The types of proteins present in each fraction were examined using SDS polyacrylamide gel electrophoresis; Figure 3 illustrates typical results from the plasma samples. Intermediate-sized apolipoproteins and albumin were identified from semi-logarithmic plots of molecular weight versus R_f. ApoB-100 (M_r > 200 kD) was the major apolipoprotein in the VLDL/IDL and LDL fractions. Because no apoA-I (M_r 23 kD, vs. expected 28 kD) was evident in the LDL fractions, the polyacrylamide gel electrophoresis studies confirmed that the HDL fraction was essentially free of LDL. Moreover, apolipoproteins E-1, E-2, and E-3 (M_r 34.9, 33.3 kD vs. expected 34 kD) and apoC-II and apoC-III (M_r < 14.4 kD) were primarily in the VLDL/IDL fractions. Thus, in contrast to the agarose gel results, polyacrylamide gel electrophoresis data indicated that there was little contamination of the LDL fraction by dense IDL. Therefore, both electrophoresis studies indicated that similar types of lipoproteins had been isolated by the two flotation procedures.

View larger version (108K): [in this window] [in a new window]   Figure 3. SDS-PAGE (5–20%) gradient gel electrophoresis of denatured lipoproteins isolated by the Havel et al. and rapid flotation methods. Standards with molecular weights ranging from 14,400 to 200,000 were applied to the outermost lanes of a 5–20% SDS-PAGE. Excepting the total lipoprotein fractions (density 1.21 g/ml), about 10 µg protein from the fractions isolated by Havel et al. and rapid flotation methods was applied in the remaining lanes: HDL to lanes 2 and 3; LDL to lanes 4 and 5; and VLDL/IDL to lanes 6 and 7. In addition to the major apolipoprotein B2 (Mr > 200 kD), the small apolipoproteins E1–3 (Mr 34 kD) and C2–3 (Mr < 14.4 kD were also evident on the 5–20% SDS-PAGE gradient (lanes 6 and 7). To lanes 8 and 9, more than 10 µg protein of the total lipoprotein fractions was applied in order to permit ready visualization of the minor apolipoproteins. The major and minor apolipoproteins were resolved by applying a constant current, and visualized by staining with Coomassie blue. Abbreviations: H, Havel et al.; R, rapid flotations.

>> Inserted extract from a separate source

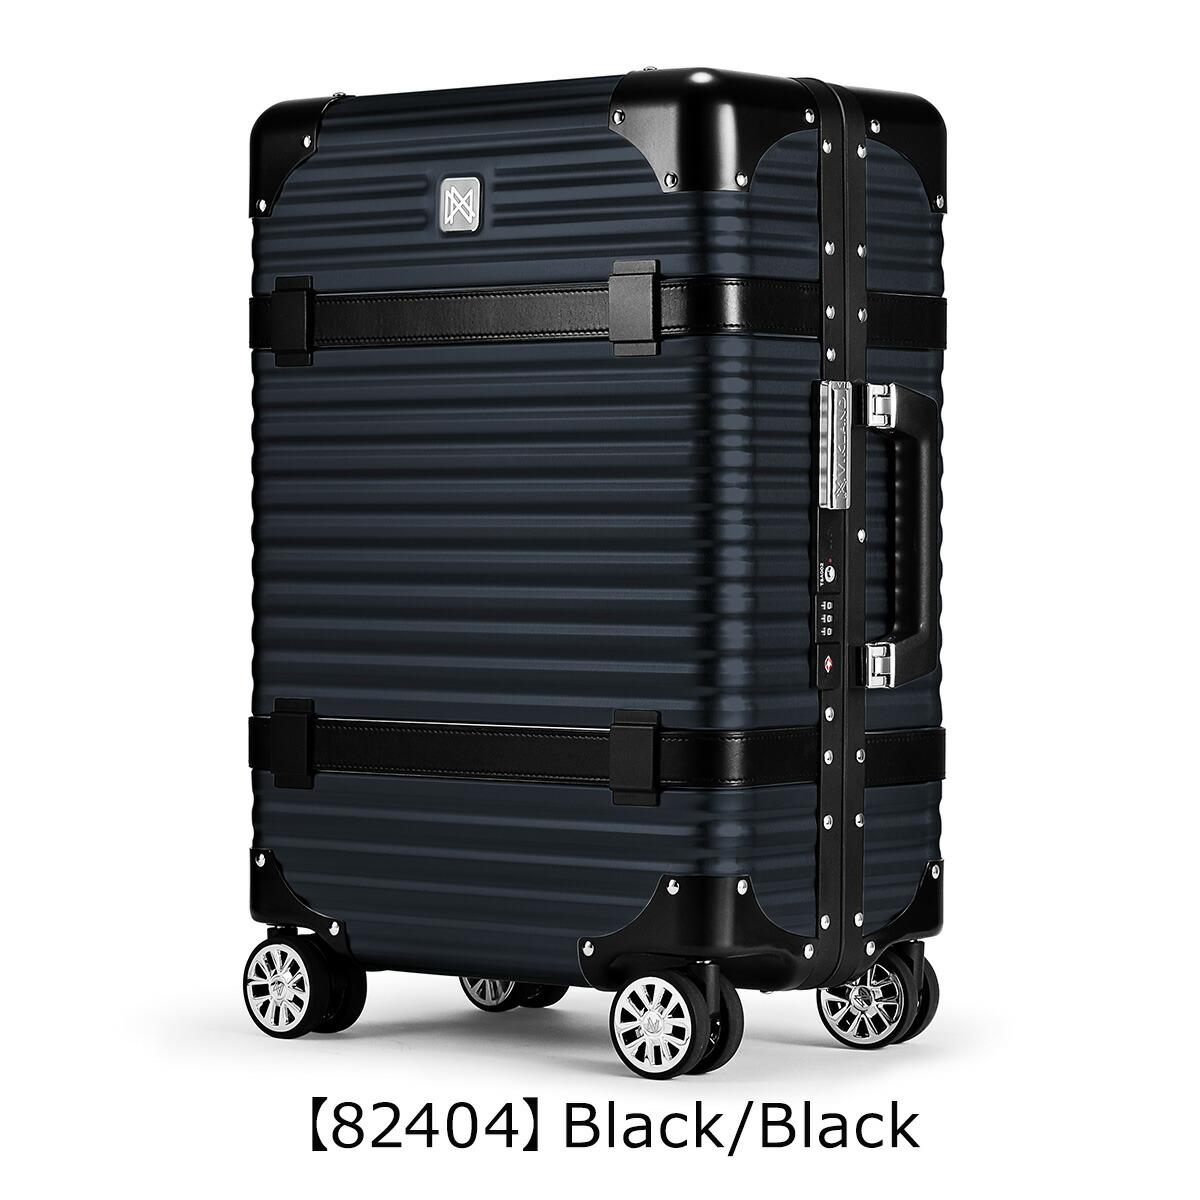 【82104】Black/Black

The quantity of protein in comparable fractions was very similar ( Table 1). Although albumin (observed M_r 69 kD, vs. expected 66 kD) was variably present in the three fractions (Figure 3), its contributions were minimal in the Rapid Flotation procedure. Serum albumin is considered to be the predominant protein contaminant of lipoproteins isolated by ultracentrifugation methods (7) (32). After repeatedly experiencing difficulty in removing albumin from the HDL fraction by the Havel et al. procedure, we divided the VLDL/IDL and LDL infranatants between two tubes before subjecting them to prolonged centrifugations. Using this dilution technique, we obtained the highest quality lipoproteins from Havel's method for reference purposes. As judged by agarose gel electrophoresis and SDS 5–20% PAGE, lipoprotein fractions isolated using our rapid method were of purity equal to those obtained by the slightly modified Havel et al. method.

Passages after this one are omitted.